DESCRIPTION (provided by applicant): The current proposal focuses on the development of an aptamer-based reagent for prostate cancer therapy. The proposed reagent, called a Drugcart (Drug carrying aptamers for receptor targeting), is a unique design composed of aptamers with two binding specificities in a single stranded nucleic acid sequence. The Drugcarts will have the following functions: 1) encase and solubilize hydrophobic drugs, 2) target the drugs to the appropriate cells, 3) release the drugs at the target cell surface, and 4) pick up other drug molecules to be shuttled into the cell membrane. For this proposed work, we will link the PSMA aptamer to an aptamer that recognizes PD173955, a drug with similar actions as imatinib mesylate (Gleevec). PD173955 will be further modified to the form of a prodrug with covalently linked peptides that are susceptible to cleavage by the serine protease, prostate specific antigen (PSA). Thus, further specificity for prostate cancer cells will be achieved by the requirement for PSA to cleave the drug and make it permeable to the cell. To develop this promising new drug delivery molecule, we have assembled a team of experienced scientists with expertise in biochemistry, molecular biology, cell biology, cancer therapy, and organic synthetic chemistry. The team has already synthesized a PD173955 analog, isolated two PD173955-binding RNA aptamers, and is ready for the next stage of reagent development as defined by the following specific aims: 1 Synthesize PD173955 derivatives that can be cleaved by PSA to form a permeable PD173955 product. The synthesized derivatives of PD173955 will be tested for their cell permeability, susceptibility to cleavage by PSA, and increased permeability of the product PD173955 after PSA cleavage. 2 Create Drugcarts that bind PSMA and PD173955 for delivering PD173955 to cells. Stabilized RNA Drugcarts containing the PSMA and PD173955 aptamers will be synthesized. Binding activity and stability will be evaluated. 3 Establish that the Drugcarts specifically promote PD173955 uptake by cells that express PSMA on their surfaces.
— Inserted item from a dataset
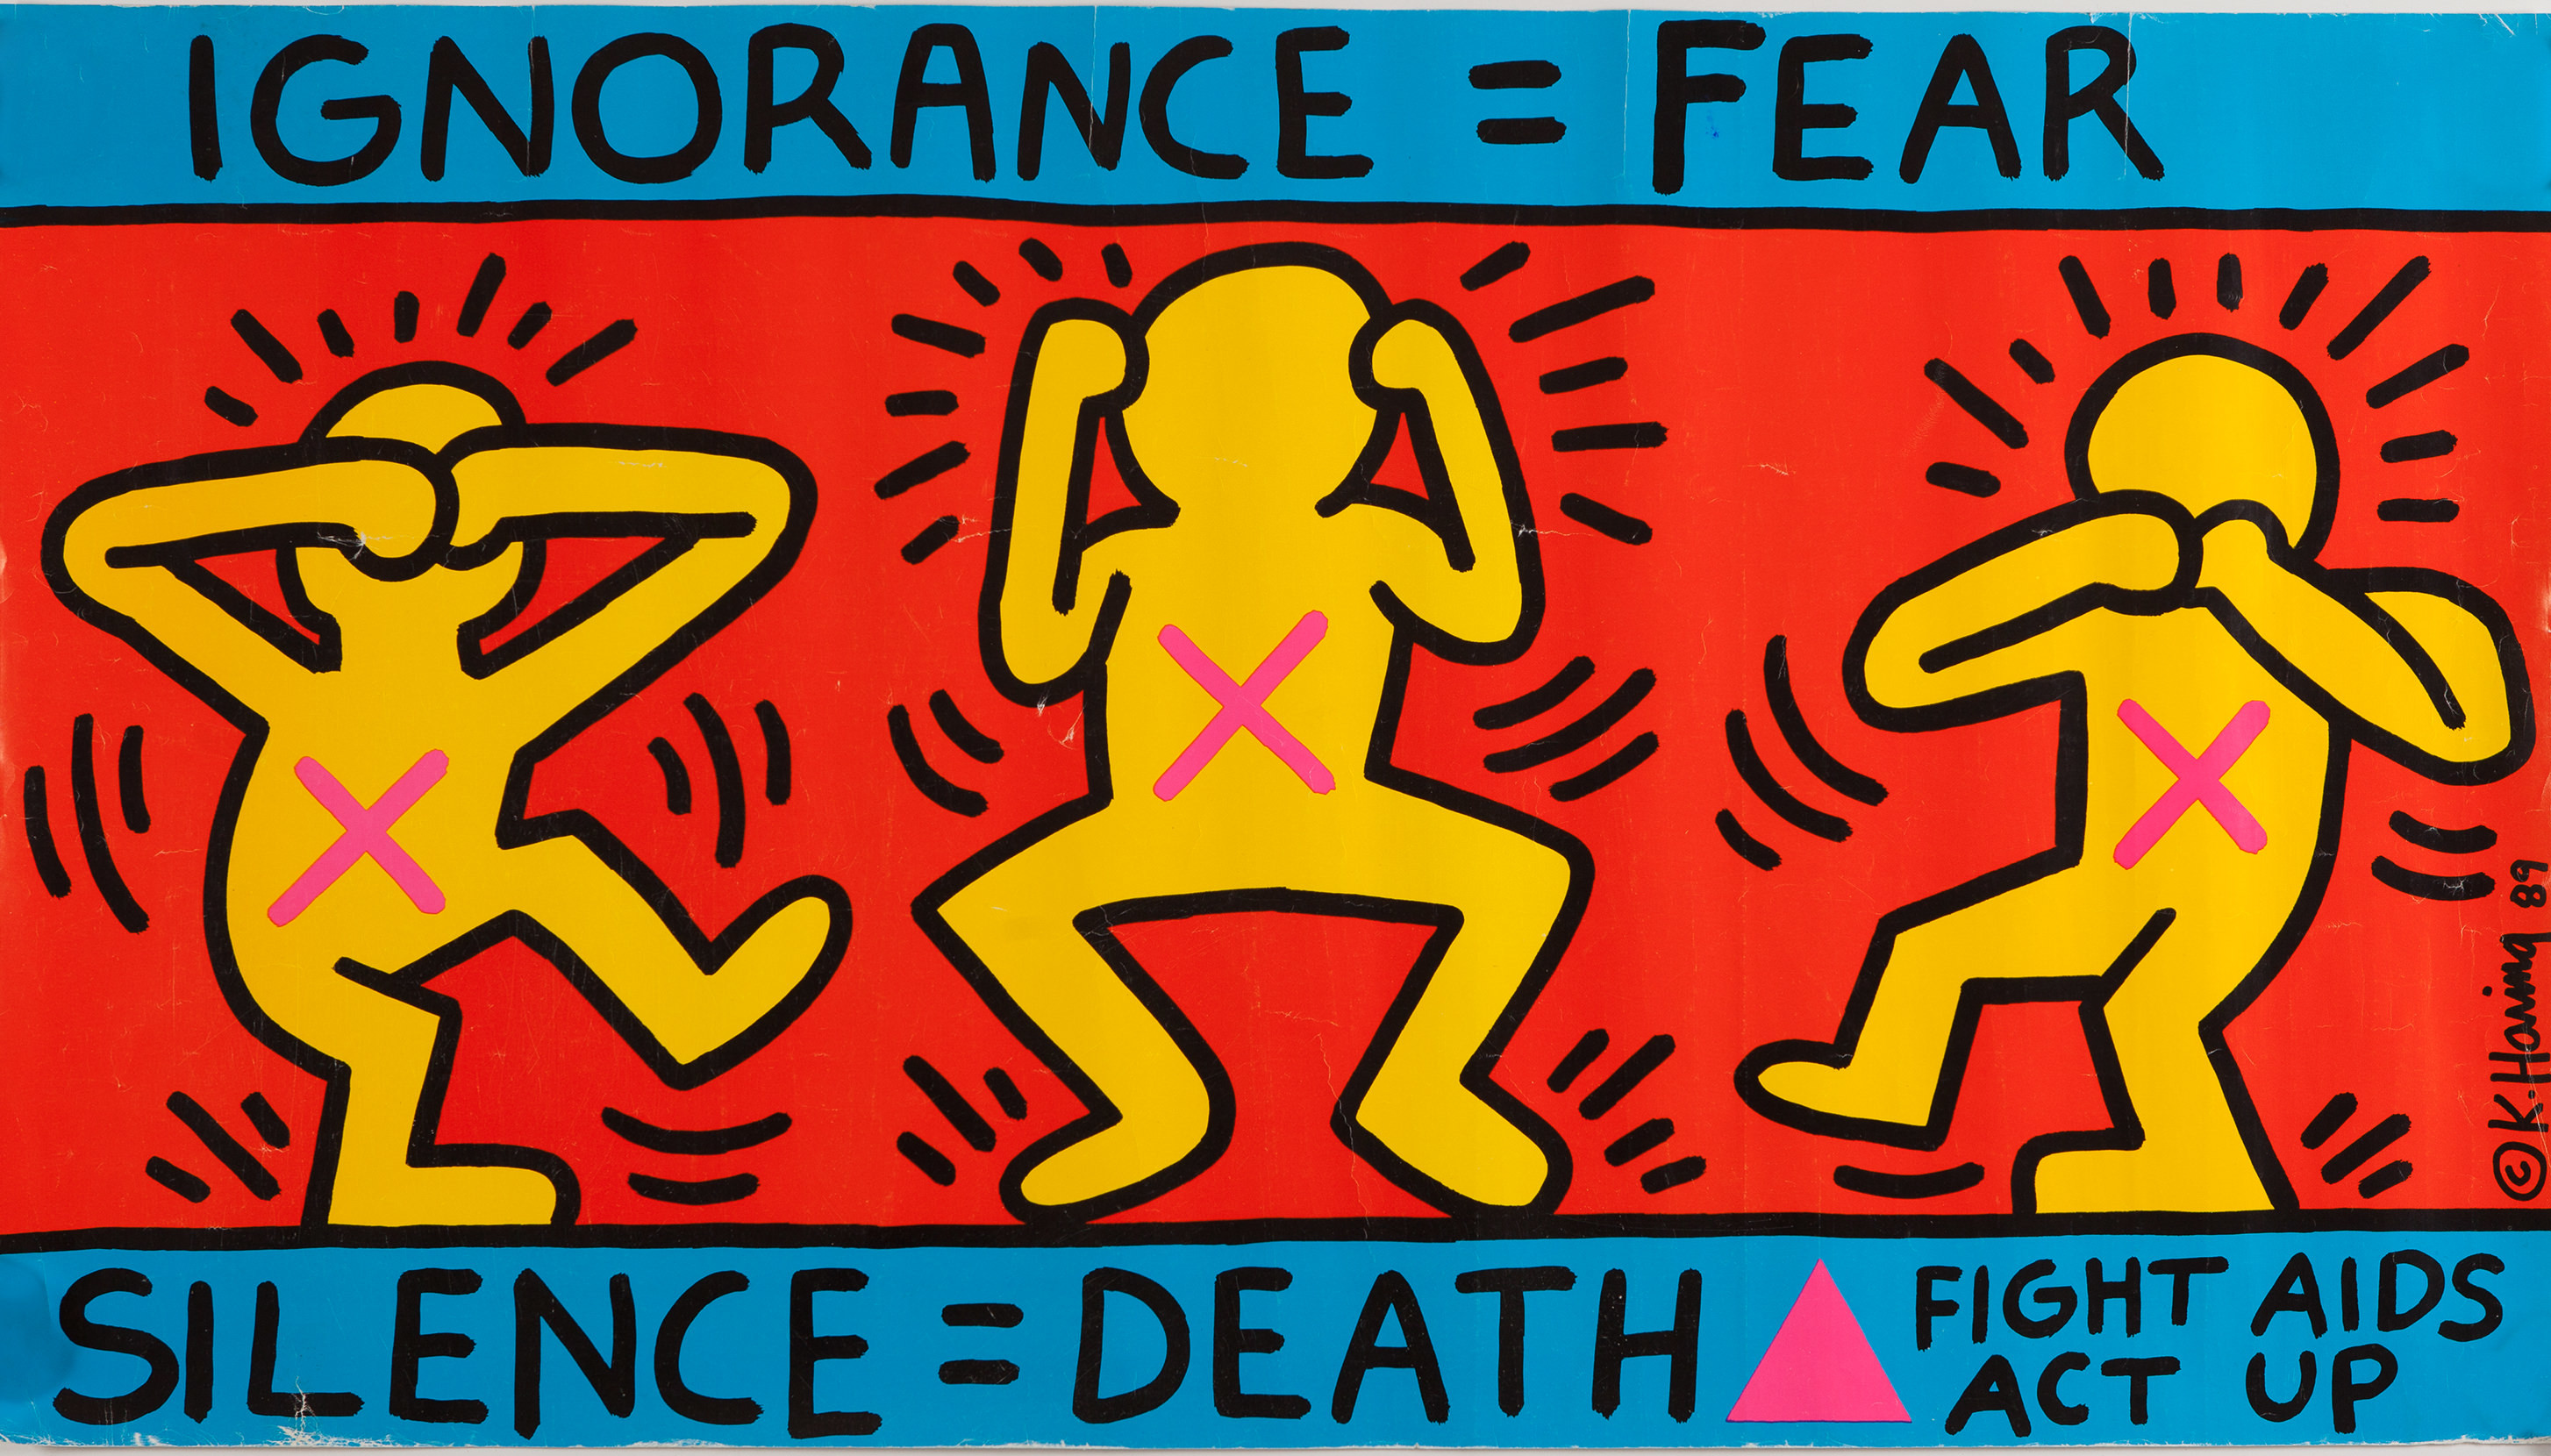 2908x1660 Haring's work was often heavily political and his imagery has become a  widely recognized visual language of the 20th century. Keith Haring was an  artist ...

Optimized Drugcarts will be used to deliver the PD173955 prodrug to prostate cancer cells. The specificity of this delivery mechanism for cells that express PSMA and to promote cell death will be investigated.
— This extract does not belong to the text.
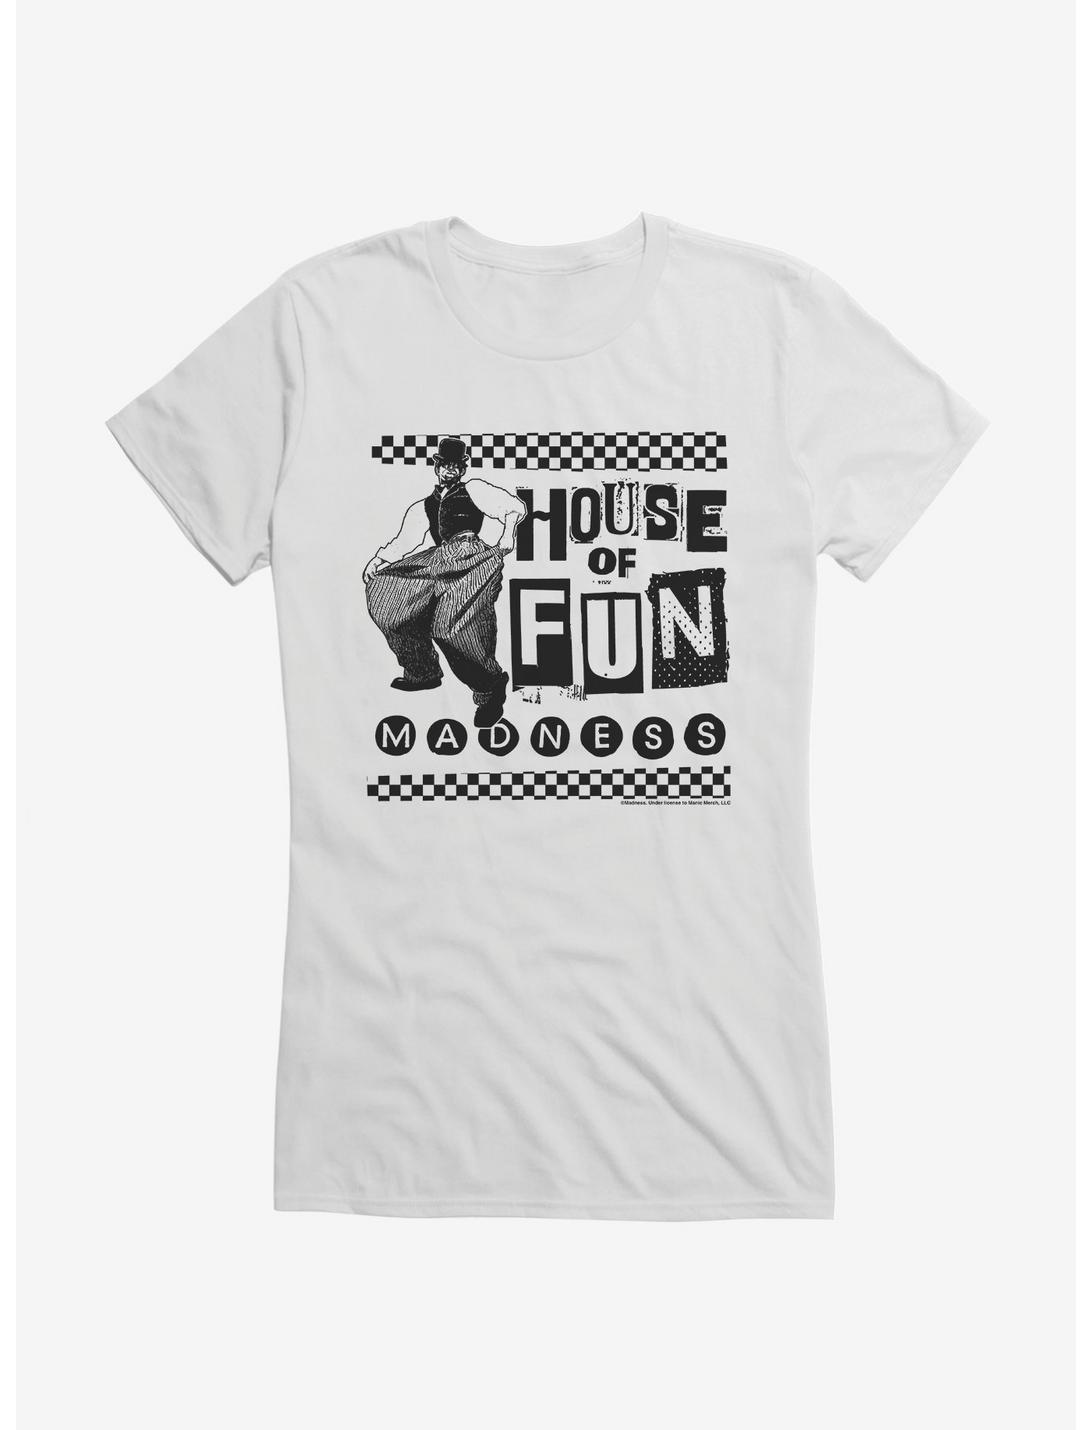 Madness House Of Fun Girls T-Shirt, WHITE, hi-res

描述（由申请人提供）：当前提案的重点是开发用于前列腺癌治疗的基于适体的试剂。所提出的试剂称为Drugcart（用于受体靶向的药物携带适体），是由在单链核酸序列中具有两种结合特异性的适体组成的独特设计。Drugcarts将具有以下功能：1）包裹和溶解疏水性药物，2）将药物靶向适当的细胞，3）在靶细胞表面释放药物，以及4）拾取其他药物分子以穿梭进入细胞膜。对于这项拟议的工作，我们将把PSMA适体与识别PD173955的适体连接起来，PD173955是一种与甲磺酸伊马替尼（格列卫）具有相似作用的药物。PD173955将被进一步修饰为具有共价连接的肽的前药形式，所述肽易于被丝氨酸蛋白酶前列腺特异性抗原（PSA）裂解。因此，对前列腺癌细胞的进一步特异性将通过需要PSA切割药物并使其可渗透细胞来实现。为了开发这种有前途的新型药物递送分子，我们组建了一支经验丰富的科学家团队，他们在生物化学，分子生物学，细胞生物学，癌症治疗和有机合成化学方面具有专业知识。该团队已经合成了一种PD173955类似物，分离出两种PD173955结合RNA适体，并准备进行下一阶段的试剂开发，具体目标如下：1合成可被PSA切割的PD173955衍生物，形成可渗透的PD173955产物。将检测合成的PD 173955衍生物的细胞渗透性、对PSA裂解的敏感性以及PSA裂解后产品PD 173955的渗透性增加。2创建结合PSMA和PD173955的Drugcarts，用于将PD173955递送至细胞。将合成含有PSMA和PD 173955适体的稳定化RNA药物载体。将评价结合活性和稳定性。3确定Drugcarts特异性地促进在其表面上表达PSMA的细胞对PD173955的摄取。优化的Drugcarts将用于将PD173955前药递送至前列腺癌细胞。将研究这种递送机制对表达PSMA的细胞和促进细胞死亡的特异性。